Linn had laughed and said it was a good idea.
It felt great to lay in the sun. She had carefully applied factor 30 suntan lotion to herself, and fifty to the children, and now she was enjoying the warm breeze rolling in from the sea. The peace lasted for exactly six minutes. She knew that it was six minutes because she was listening to today’s episode ofSummerin Swedish radio P1. The host had just finished the initial phases, setting the scene and pulling the listener into the life story of the host. Six minutes.
“Mum, can we have some ice-cream?”
She looked up at Liv who was standing next to her. Her hair was hanging in sticky saltwater locks around her head and her swimsuit was covered in sand. Emelie nodded at dug around in her wallet for a couple of 20 SEK banknotes that she handed to her daughter.
“Thanks mum! Then we are going crab fishing. I love Sardinön, I want to stay here forever”, Liv said and ran over to her sister and their friend.
Emelie smiled, wondering if she was going to say the same thing in six months when the autumn storms were roaring. Or hold on a second, then they would be back in Växjö, and Sardinön would be nothing but a memory. But the house would still be there. The question was what to do with it?”
“Hello, mother.” Linn, of course! She was the only one of her daughters calling her that.
Emilie didn’t really like it, but since it had happened that people had mistaken her and Linn for sisters, she figured that’s why Linn liked to make it clear that they weren’t.
“Hello there love”, she said, handing her a red Christmas beach towel.
Linn unfolded it, inspecting the motif; a Santa driving a train full of Christmas gifts.
“The creativity knows no limits. Santas in trains. What might they think of next?” Linn said, trying to sound older than her 19 years.
“Just wait and see. I’m certain that there are plenty of Christmas things that we haven’t discovered yet,” Emelie said.
Linn put the beach towel on the ground and sat down on it. She pulled her summer dress over her head and straightened her bikini top. Then she shaded her face with one hand, looking at Emilie.
“Why do you have beach towels with Christmas motifs?”
“Why not? When one has everything else with Christmas motifs” Emilie responded.
“Sure, but…Did we ever have special Christmas towels?”
Emelie shook her head. No, they certainly did not.
“Since your father is a Muslim, we never celebrated traditional Christmas when you were little. But when the girls arrived we started celebrating properly with a Christmas tree and presents, but without the ham, of course,” Emelie said.
“But I got Christmas gifts before Liv and Linnea were born, I remember that clearly. That red bike with a basket, for example,” Linn said dreamily.
“Of course you got Christmas gifts, I just mean that we didn’t really celebrate in any large fashion at home.

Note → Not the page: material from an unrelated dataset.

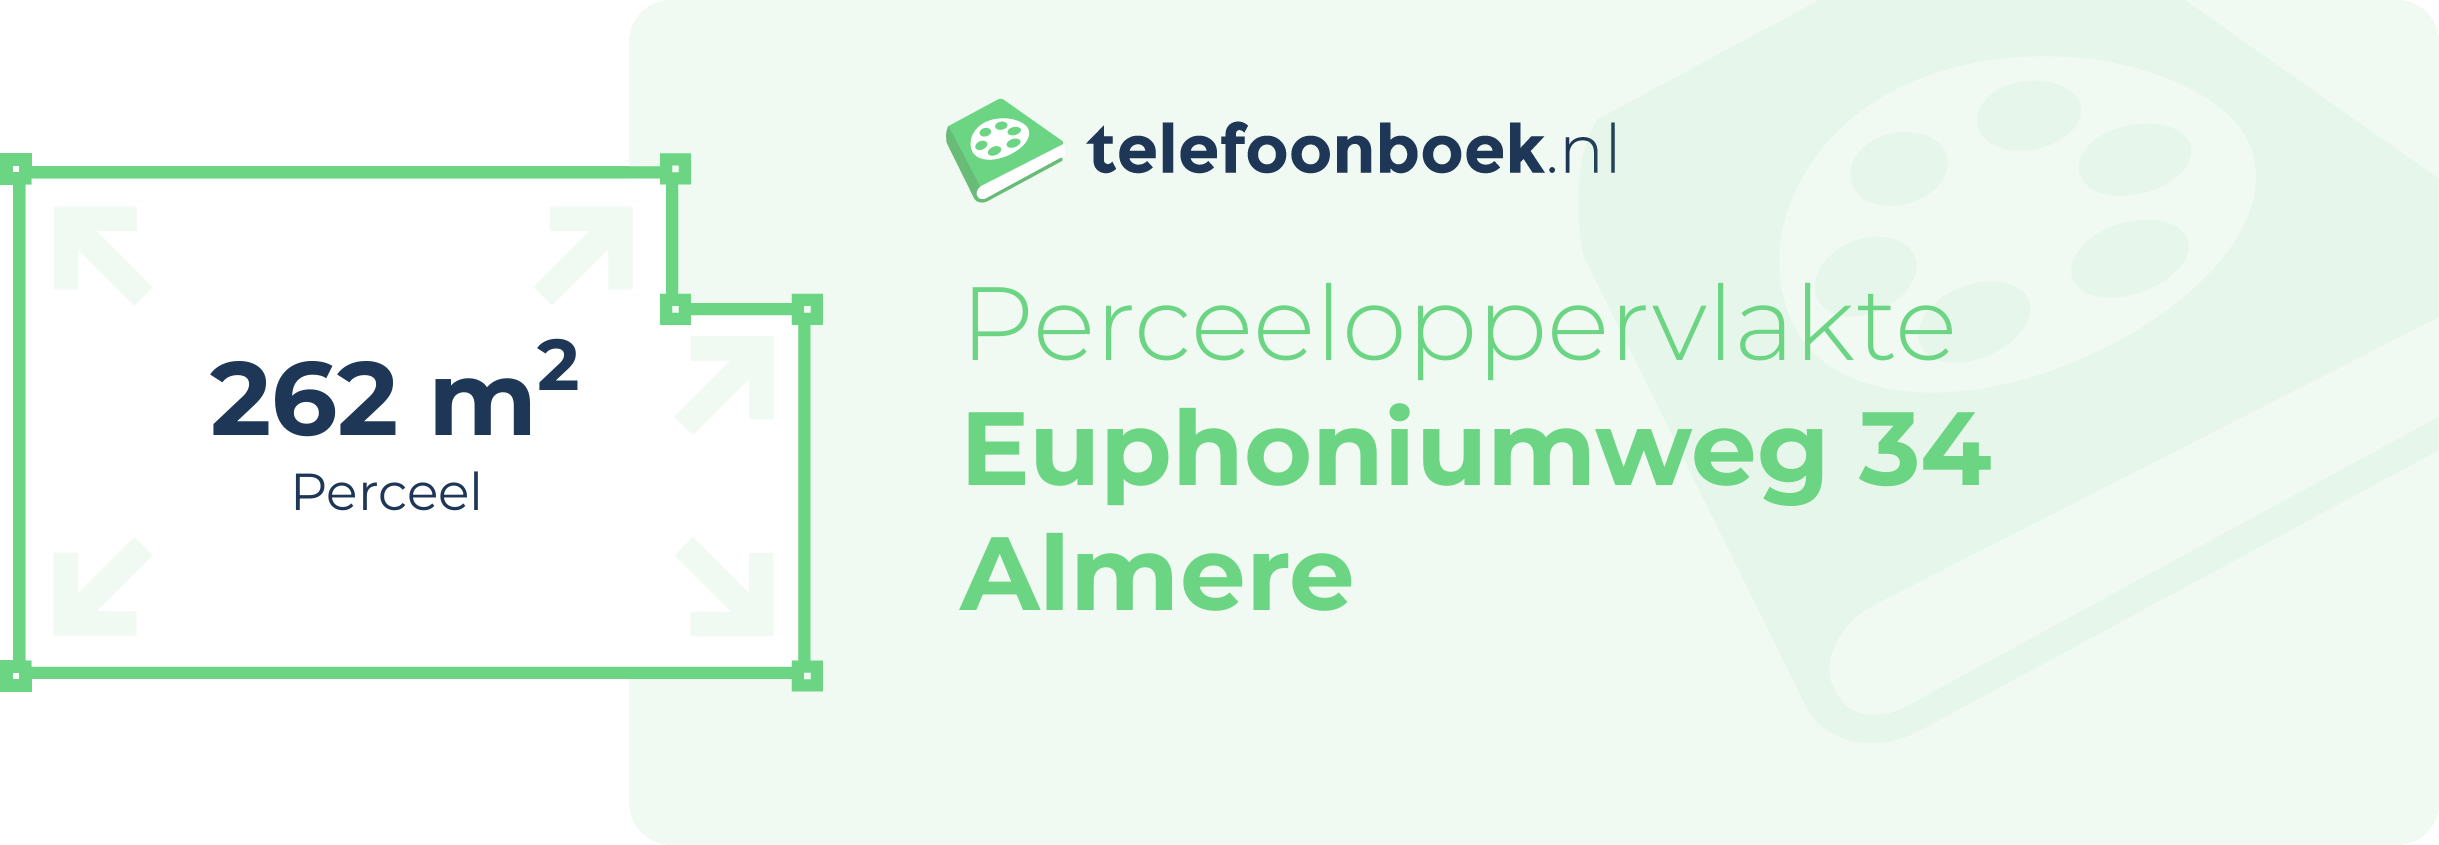 Perceeloppervlakte Euphoniumweg 34 Almere

But no matter what, neither we nor grandma ever owned any Christmas towels,” Emelie said.
“No, it’s probably just hardcore Christmas freaks like Astrid who take it that far”, Linn said and laughed. Emilie shook her head, put her headphones back into her ears and laid down again. She didn’t turn on the radio show again, but she knew that just having the headphones in gave her some peace and quiet, and saved her from hearing the constant “mum, mum”, all the time.